Взглянув на Королёву, я без труда догадался, что обрёл в ней врага до самого конца смены.

— Но вдруг стая изменит мнение, — теперь улыбалась не только Электричка. Теперь вместе с ней улыбался и Серёга. И я чувствовал, что направление его пальца может поменяться сию секунду. Уверенность моя покрылась трещинами и обсыпалась. Мне казалось, что истекают последние секунды моего участия в игре.

— Но я не буду менять правила, — отрезала Электричка и развернулась к старшеотряднице. — Прощай, Королёва. В этой игре у тебя уже всё в прошлом. Гнать козла?

— ГНАТЬ КОЗЛА!!! — был ответ зала.

— Подумаешь, — скривила губы Королёва у края сцены. — Там, в зале, сидит мой парень. Кто бы ни выиграл, после игры они поговорят по-мужски.

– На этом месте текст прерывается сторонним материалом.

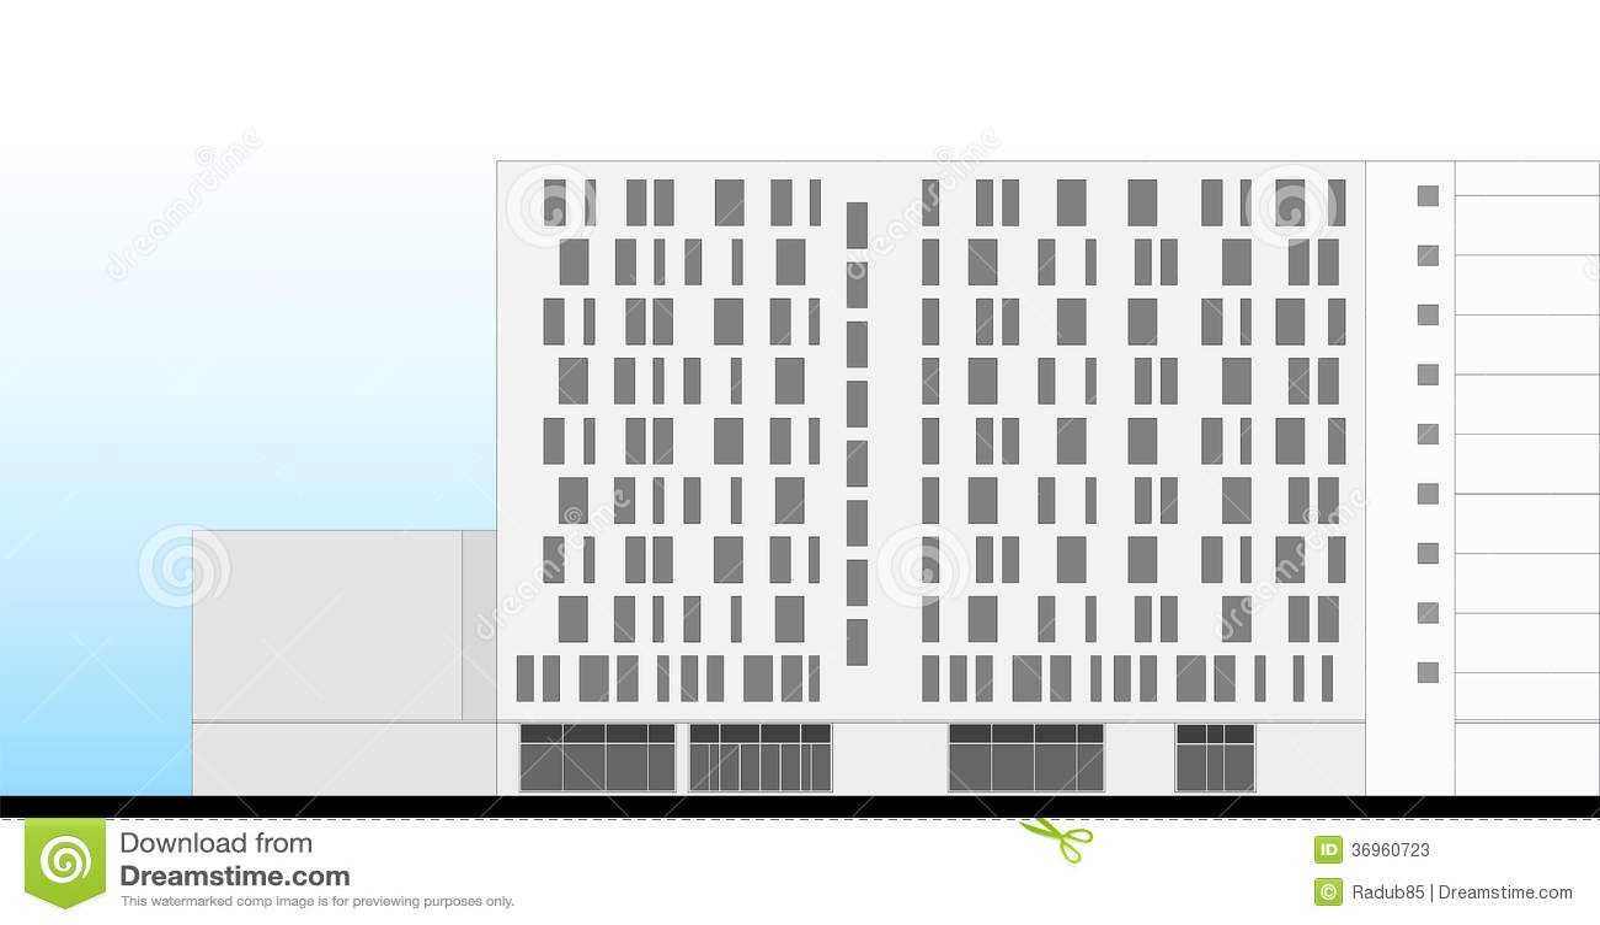 Fassade modern hotel  Hotel-Gebäude-Fassaden-Architekturplan Stockfotos - Bild: 36960723

Я одновременно и радовался, и страдал. Счастье переполняло душу, потому что мне удалось задержаться ещё на один раунд. И вместе с тем почему-то неудобно смотреть на Королёву. Словно вместе с последним словом она уходила в последний путь. Удивительно, но даже на флагшток, напитанный серебряной слизью, смотреть было не в лом. Так бы я и поступил, да не успел отвернуться.

— Вам предоставляется последний шанс ступить на вершину командой, возвестила Электричка. — Если и в этот раз озеро останется неприступным, тогда в финале двое уцелевших поведут борьбу за банк, и он достанется сильнейшему. А в банке сейчас десять с половиной тысяч. Понятно?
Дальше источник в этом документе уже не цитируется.